Numerous words from the Nahuatl language, referred to as Nahuatlismos, have been borrowed both by standard Spanish and Mexican Spanish. English and other languages have borrowed a number of words indirectly from Nahuatl through Spanish such as "avocado", "chili", "tomato", "chocolate", and "coyote".

Today, approximately 1.5 million indigenous Nahua people continue to speak the Nahuatl language. Recent years have seen a resurgence of interest in learning Nahuatl by Spanish-speaking and English-speaking Mexicans at-large.

===Flag of Mexico===
While different standards and flags were used during the pre-Hispanic period, the viceroyalty, and the Mexican War of Independence, the modern flag has its origins in the flag of the Army of the Three Guarantees in 1821. Today it consists of a rectangle with a green stripe on the left (signifying the Independence Movement), a white stripe in the middle (originally signifying the purity of the Catholic faith), and a red stripe on the right (signifying the blood of the fighters). There is a coat of arms in the center.

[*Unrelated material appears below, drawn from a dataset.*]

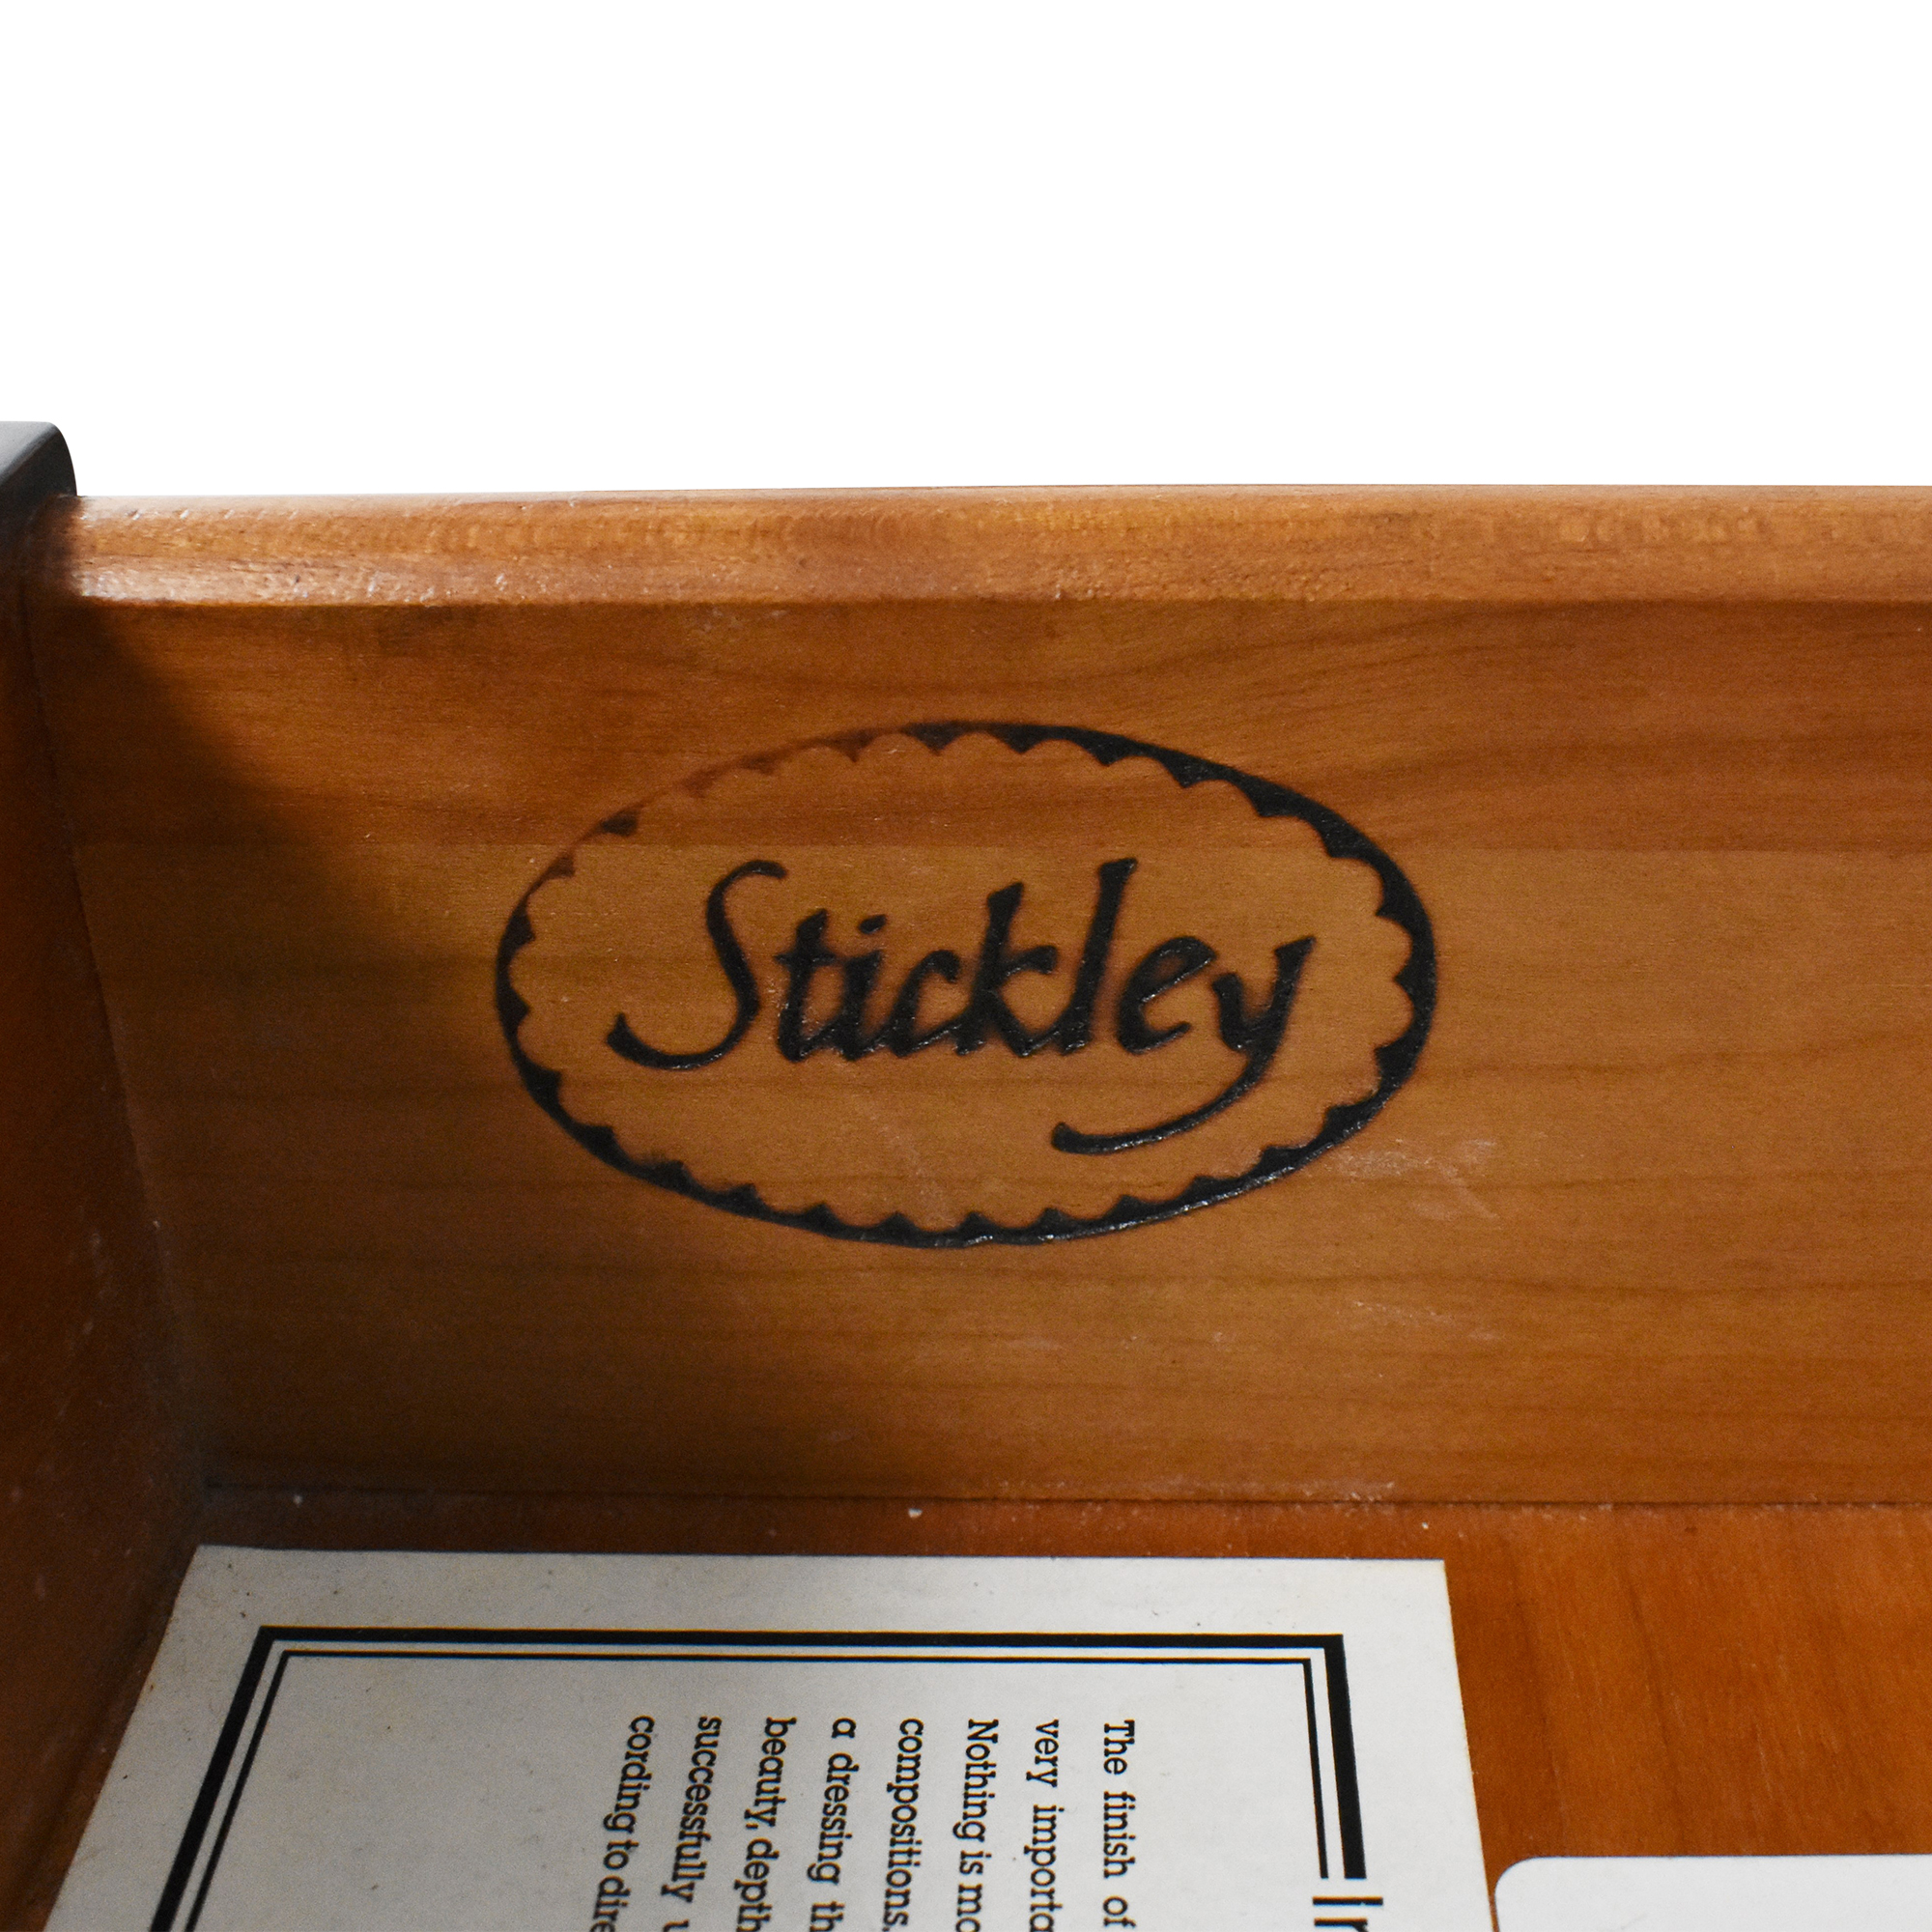 Stickley Furniture Stickley Furniture Nightstands discount

The coat of arms represents the legendary founding of the city of Tenochtitlan. According to legend, the gods had advised the Aztecs that they should establish their city when they saw an eagle, perched on a prickly pear tree, devouring a serpent; after years of wandering, they found such an eagle on an island in Lake Texcoco, in what was to become the main plaza of Mexico City.

The flag has undergone several changes since 1821; the last was in 1968.

===Art and symbols===
Mexican art has inspired generations of Mexican-descent artists, both inside and outside of Mexico's modern borders. Images of pyramids, the "Aztec calendar", and armed indigenous warriors have been popular themes. Also popular have been zigzag motifs (found on indigenous buildings and pottery) and the theological notion of The Four Directions (found among indigenous cultures across the Western Hemisphere). In recent years, there has been a resurgence of interest in the ceremonies and art of the Day of the Dead. The art, architecture, and symbols of the Mexica civilization exert such a unique identity that they are commonly used in advertisements for tourism to Mexico.